No question at all..

Today saw another meeting of the British-Irish Intergovernmental Conference, and they released a joint comminqué [which I may return to later], but for now the more interesting detail is the emphasis in the reporting. Both the BBC and RTÉ lead with the news that Peter Hain’s not for blinking, although as previously mentioned, there may still be a little lee-way after the deadline, but it’s the follow-up in the reports that worth looking at more closely.According to the BBC report, both the Secretary of State for Wales and Northern Ireland Peter Hain and Irish Foreign Affairs Minister Dermot Ahern said in the press confernece afterwards that devloved government would require all parties signing up to policing –

They also both reiterated that if Northern Ireland is to have devolved government then all parties have to sign up to policing.

That does fit with Peter Hain’s previous answer at Northern Ireland Questions in the Commons on April 26

Mr. Hain: On the hon. Gentleman’s point about criminality, it is now clear that the Provisional IRA – and, therefore, its political link, Sinn Fein – is now committed to stamping out criminality and paramilitary activity. The only logical, sustainable long-term position for anyone seeking to perform parliamentary legislative duties or exercise ministerial office is to support the police. We will be working on that and encouraging Sinn Fein to do that.

But according to the RTÉ report, and they have a video report online[RealPlayer video] to prove it, Dermot Ahern is talking, in effect, about joint government decision-making as a Plan B –

Mr Ahern said that while both governments were firmly focused on restoring the institutions, if their efforts failed plan B would involve both governments taking decisions over the heads of elected representatives in the North, and that was something no one wanted.

It’s worth noting that the video report frames the decisions as taking place within meetings such as the Intergovernmental Conference.. however, it doesn’t necessarily fit with what Peter Hain has said in the Commons recently

On the supremacy, as it were, of the United Kingdom Government in the governance of Northern Ireland, I am happy to agree entirely with the hon. Gentleman. There is absolutely no question of joint authority or joint governance. There is plenty of scope, however, and the hon. Gentleman implied that he agreed with this, for practical co-operation, as provided for through the architecture of the Good Friday agreement, which was endorsed by the people of Northern Ireland, for cross-border co-operation in a number of areas—for example, on energy, the economy, child offending, and getting rid of unfair mobile phone roaming charges so that there is a single, all-Ireland rate. On those sorts of issues, and on many more, there is tremendous scope for future co-operation, much of which, indeed, is already taking place. But there is no question of joint authority. There is no question of that at all.

No question at all then…

In the meantime here’s what the Joint Comminqué has to say on what happens next –

Political Developments and the Way Ahead

The Conference reviewed political developments in the light of the recent statement made by the Taoiseach and the Prime Minister in Armagh setting out the Governments’ joint strategy for restoration of the devolved institutions in 2006.

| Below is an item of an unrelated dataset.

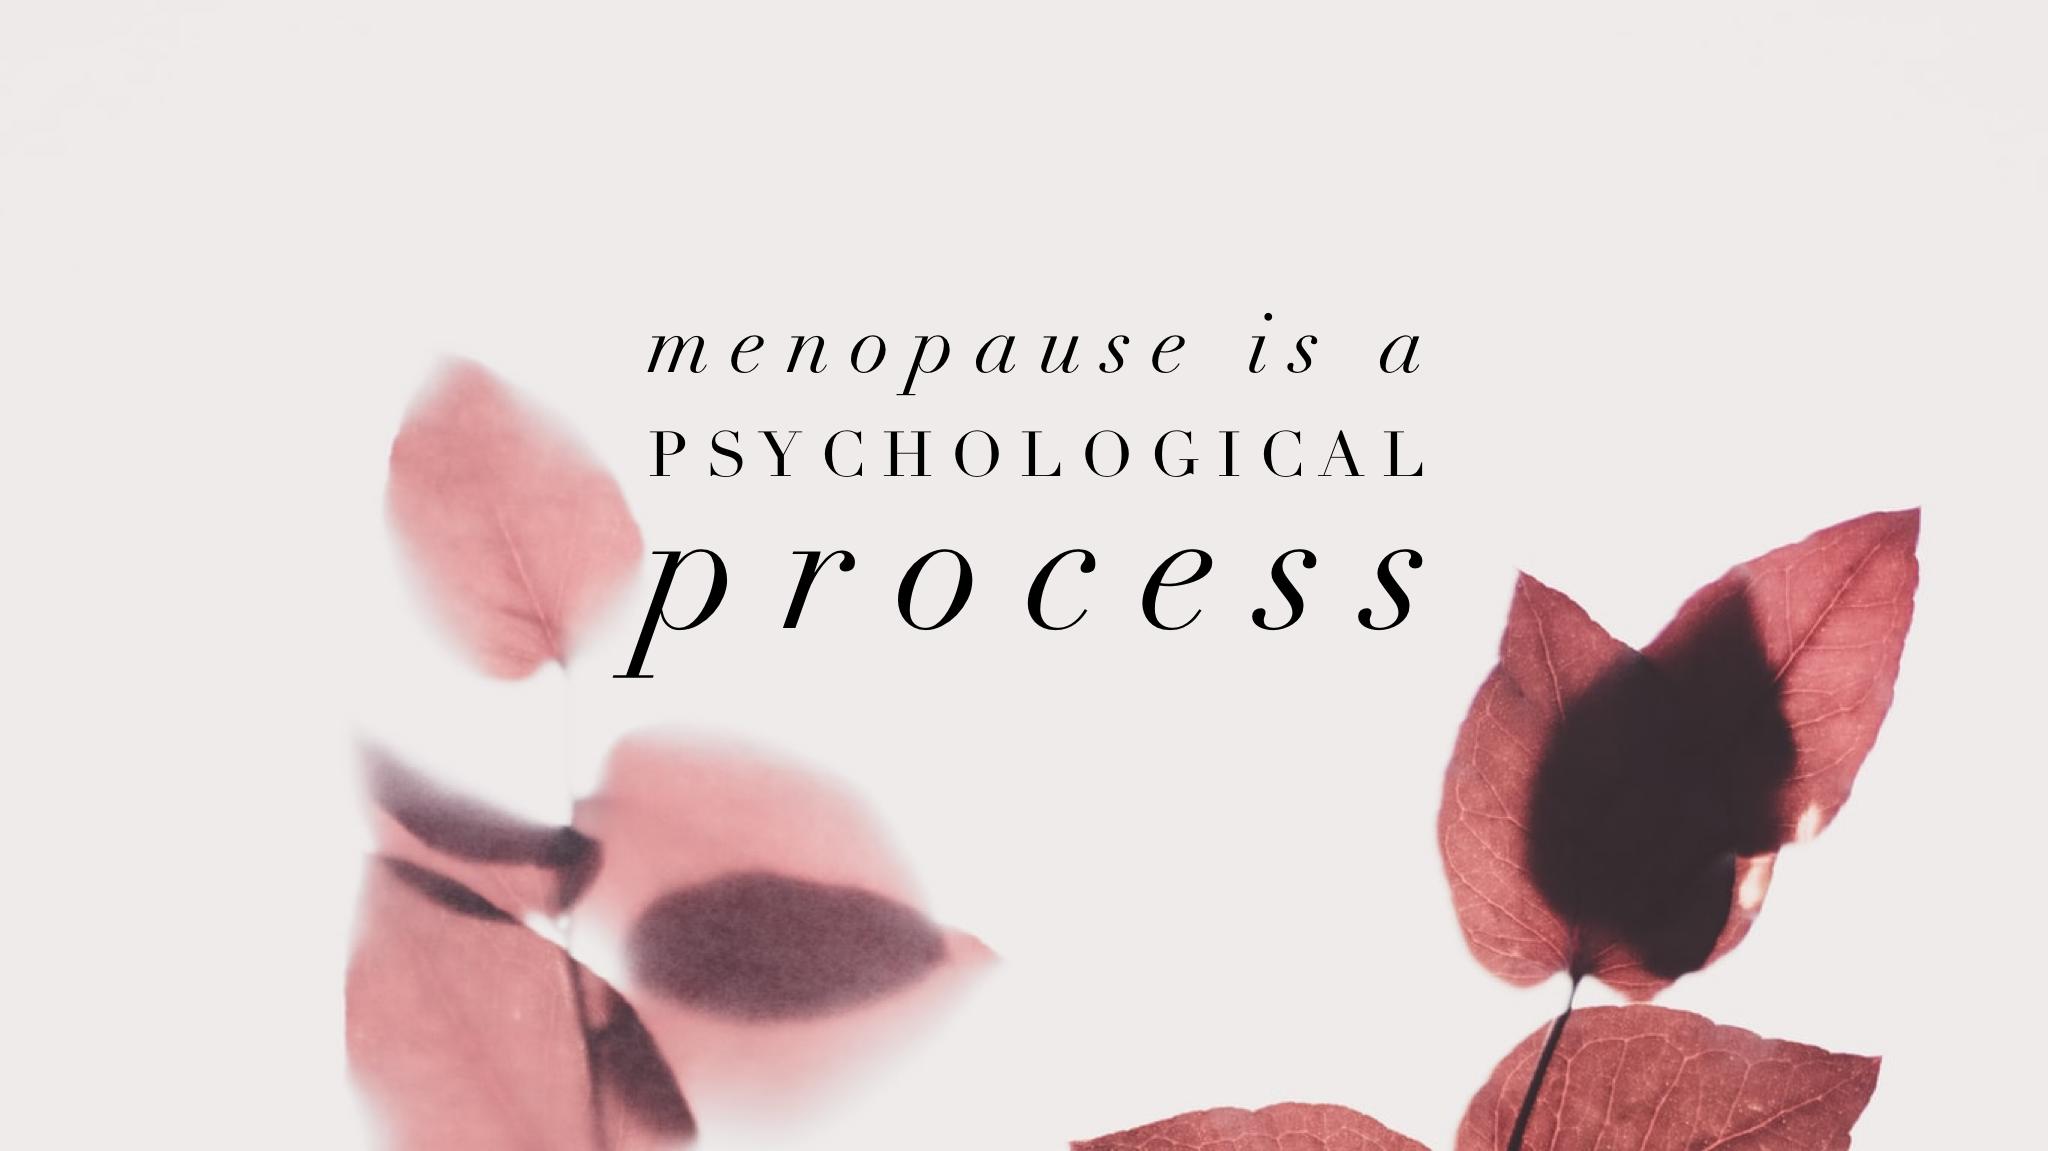 menopause-psychological-process

The two Governments reiterated that their primary objective is the achievement of a fully functioning Executive and Assembly at the earliest opportunity and not later than the deadline of 24 November 2006. They urged the parties to grasp the opportunities in the coming weeks and months to work together to restore partnership government to Northern Ireland. They underlined their commitment to the Good Friday Agreement, as the indispensable framework for British-Irish relations, and confirmed their intention, in all circumstances, to ensure the Agreement is implemented to the fullest possible extent for the benefit of all communities.